_TASK ITEM_. Your task is to write out every line of the data exactly. Drop the pictures.

Stored items from a collection

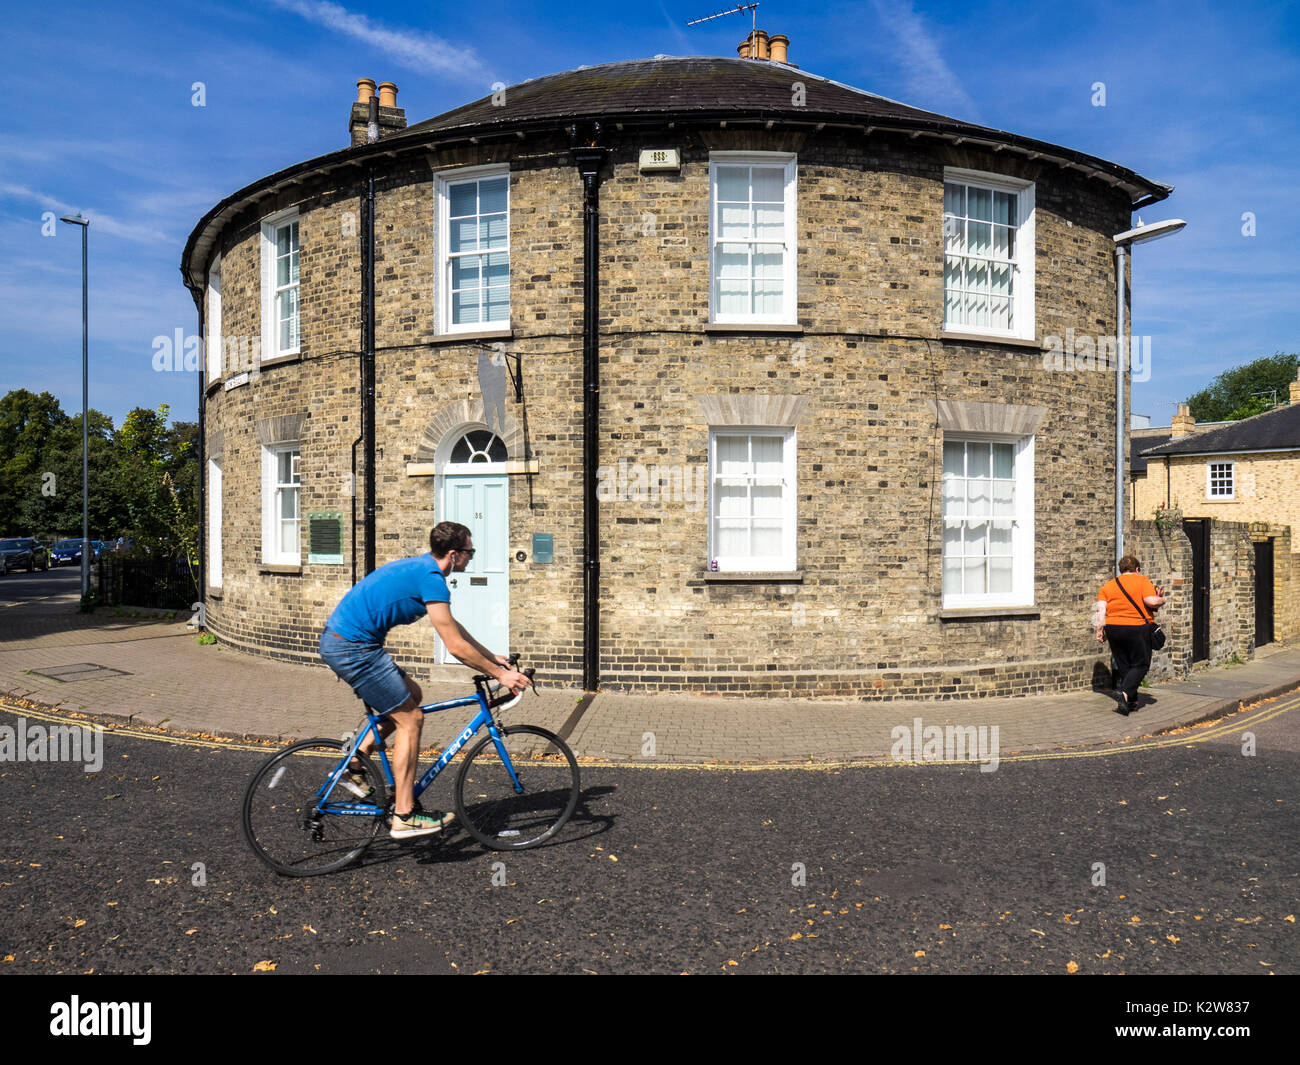 La façade ronde chambre à Cambridge UK - un cycliste passe une façade ronde building de New Square, Cambridge UK Banque D'Images
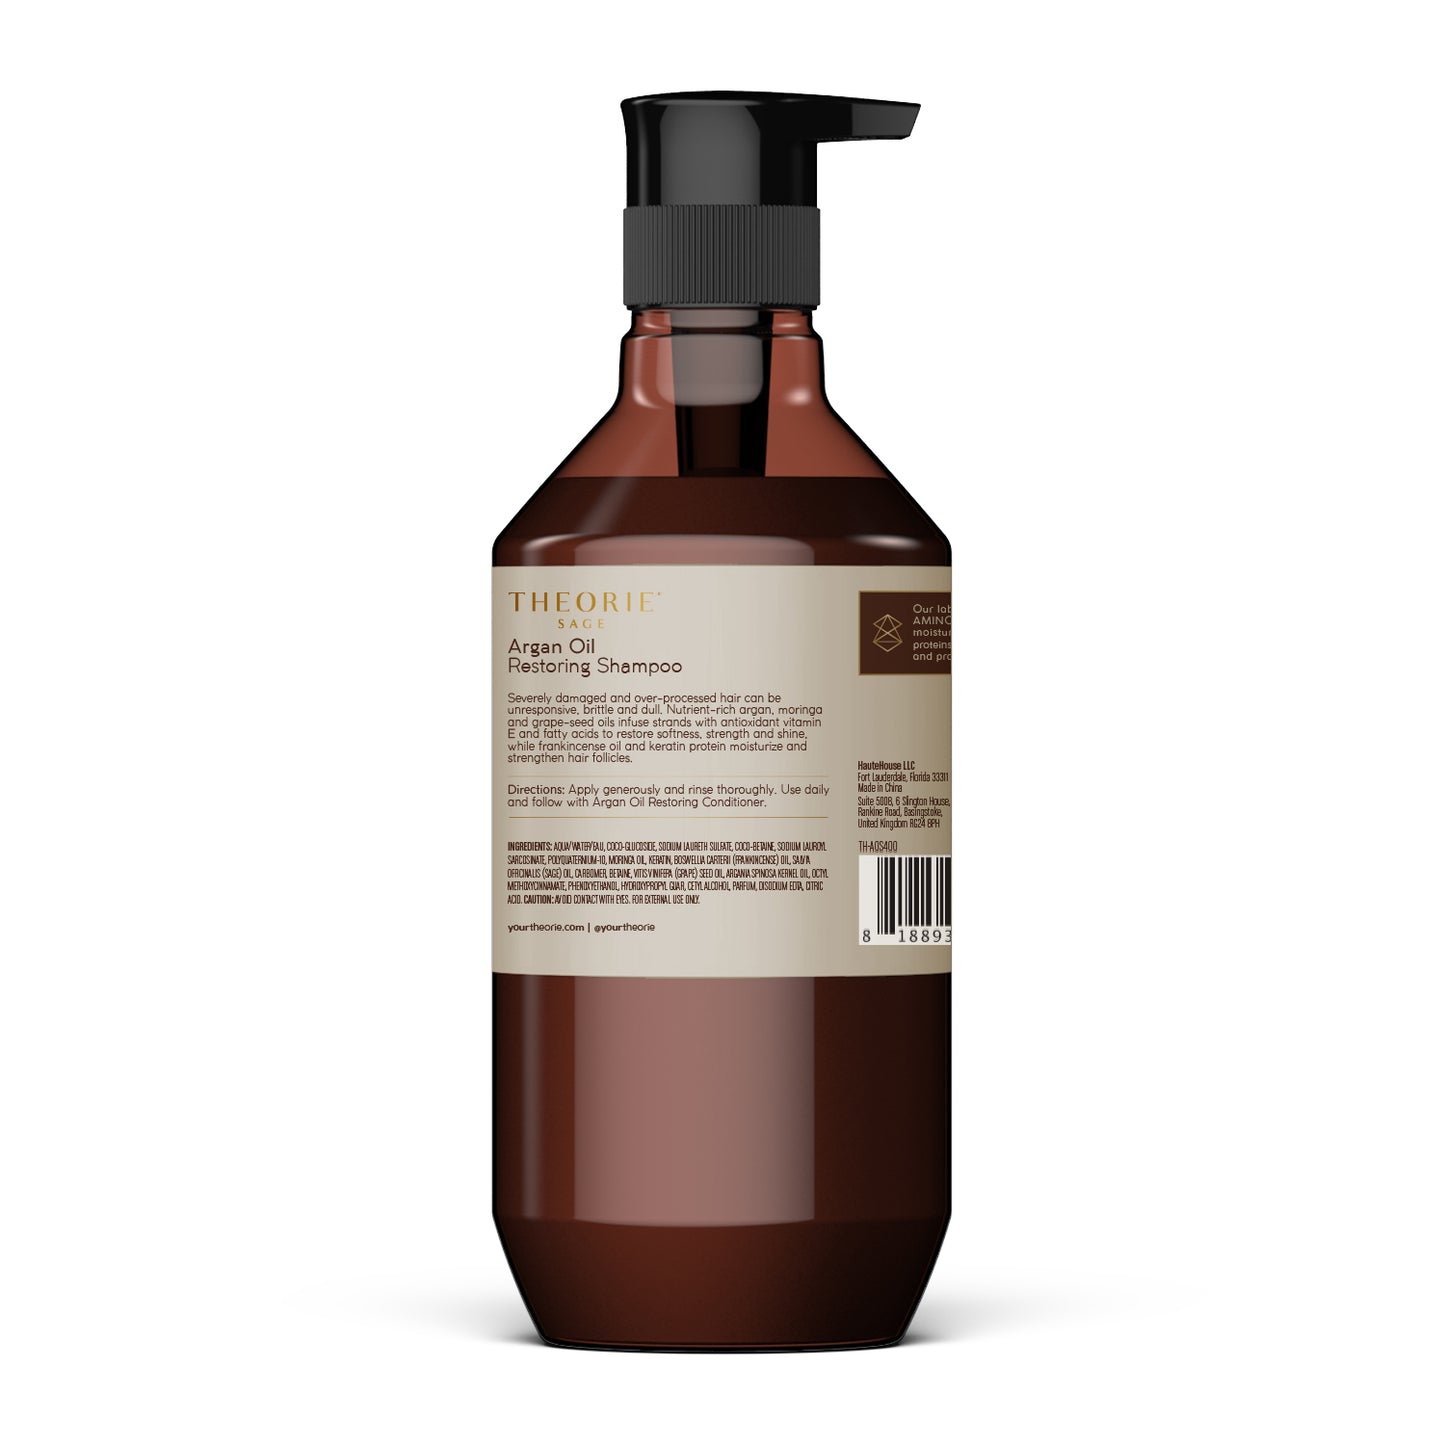 Argan Oil Restoring Shampoo
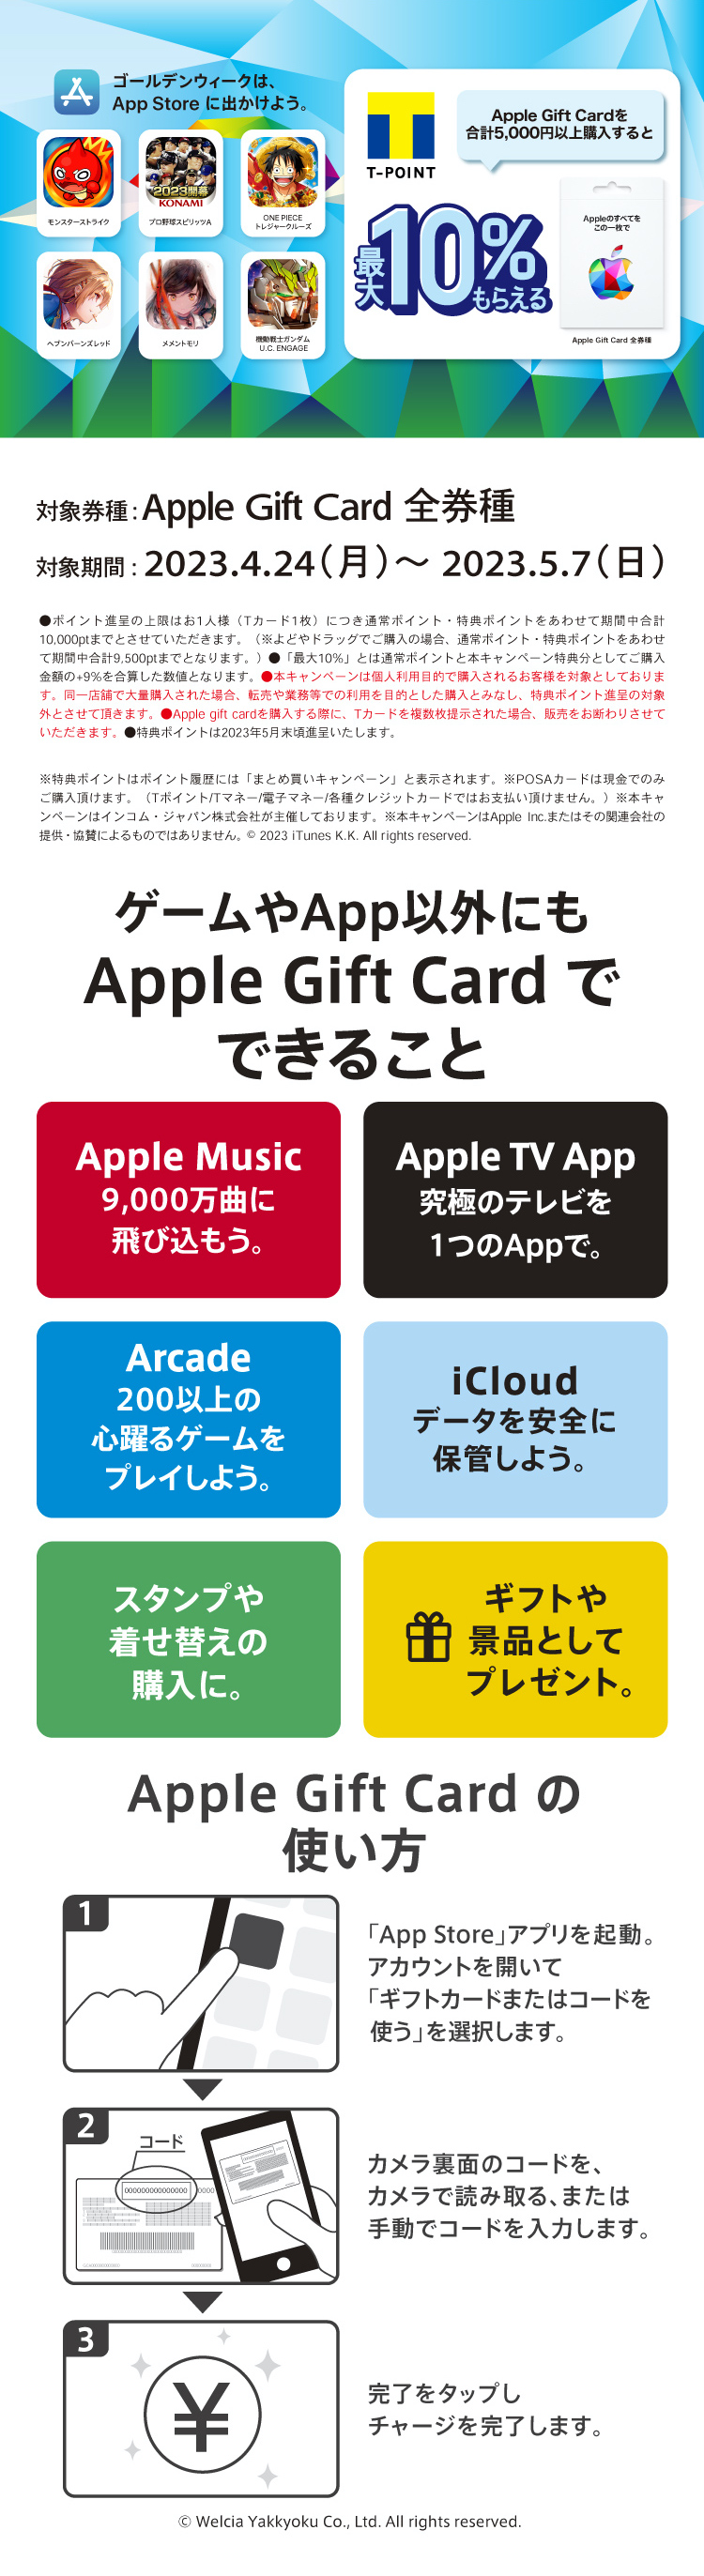 Apple Gift Cardを合計5,000円以上購入するとTポイント最大10%もらえる
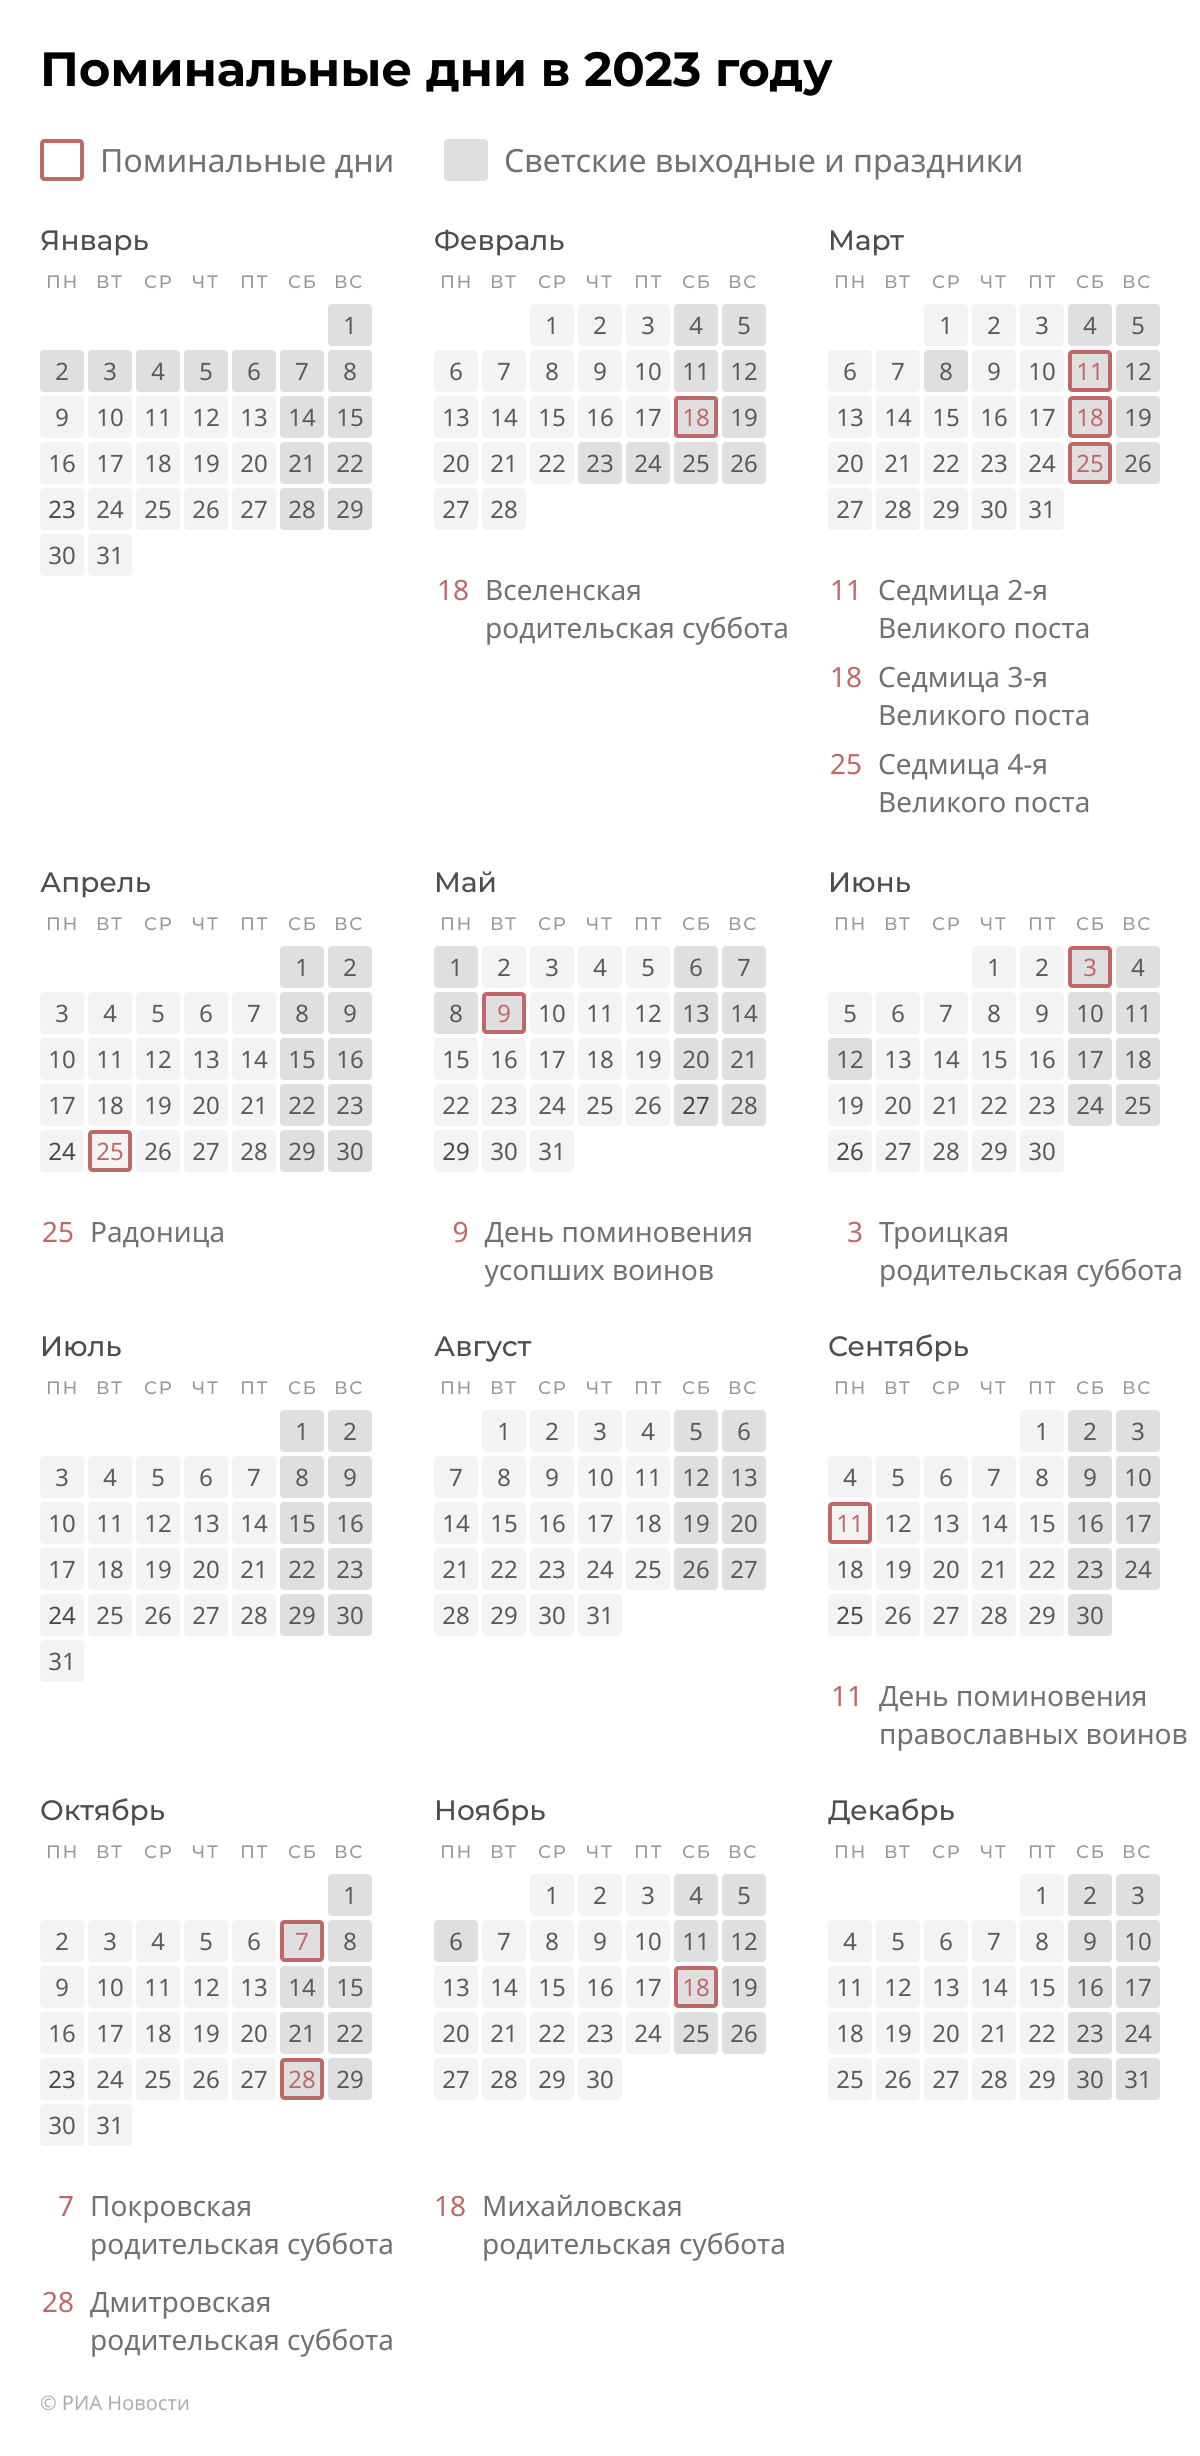 Поминальные дни в 2023 году православные. Календарь поминальных дней в 2023. Родительская суббота в 2023 календарь. Родительская суббота в июне 2023 года. В марте дни родительские субботы
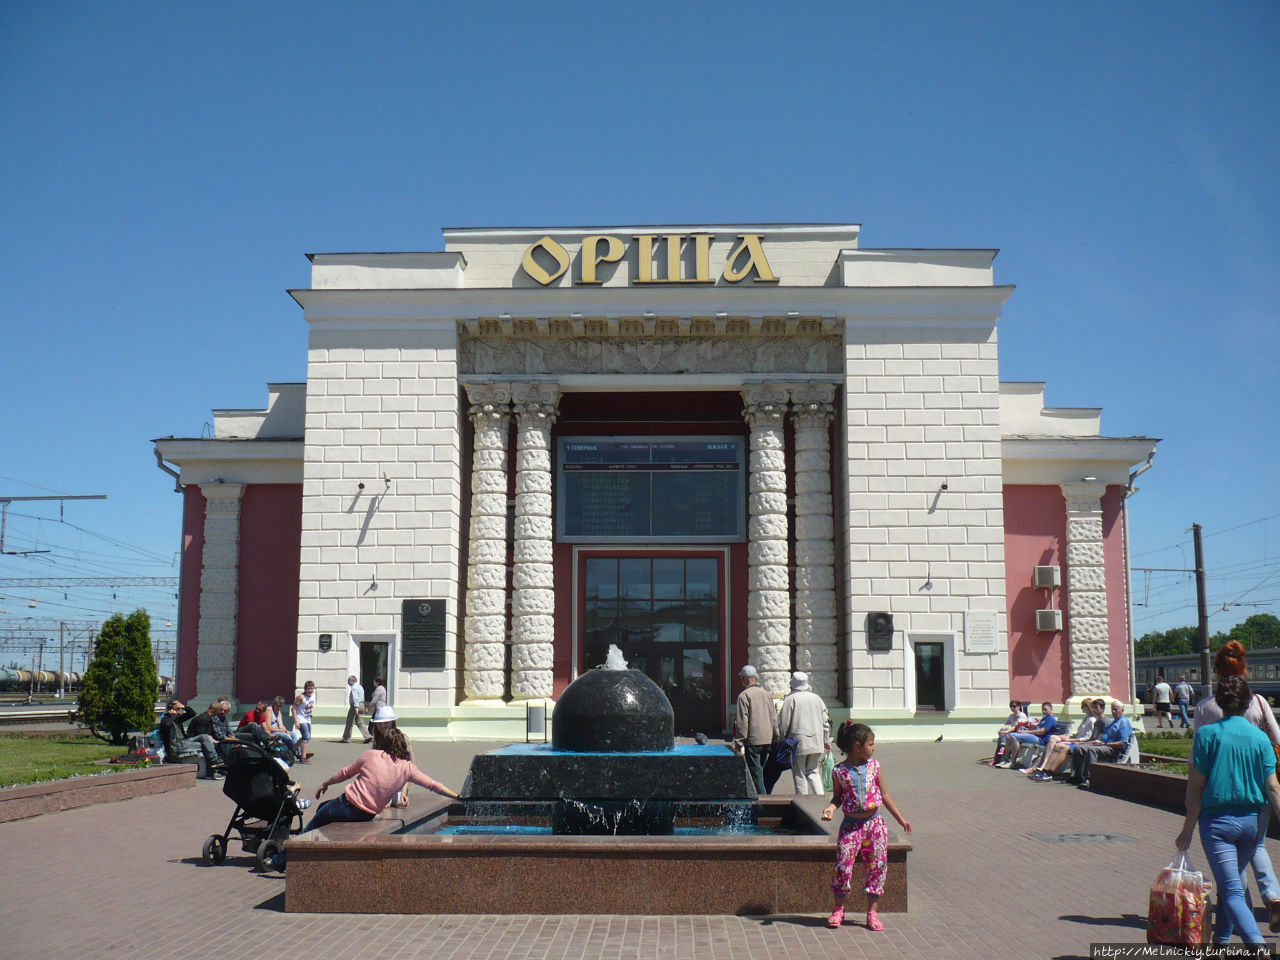 Восточные ворота Беларуси. Небольшая прогулка по Орше Орша, Беларусь

_RESULT OF THE EXERCISE_.
 La façade ronde chambre à Cambridge UK - un cycliste passe une façade ronde building de New Square, Cambridge UK Banque D'Images
 Argan Oil Restoring Shampoo
 Apple Gift Cardを合計5,000円以上購入するとTポイント最大10%もらえる
 Поминальные дни в 2023 году православные. Календарь поминальных дней в 2023. Родительская суббота в 2023 календарь. Родительская суббота в июне 2023 года. В марте дни родительские субботы
 Восточные ворота Беларуси. Небольшая прогулка по Орше Орша, Беларусь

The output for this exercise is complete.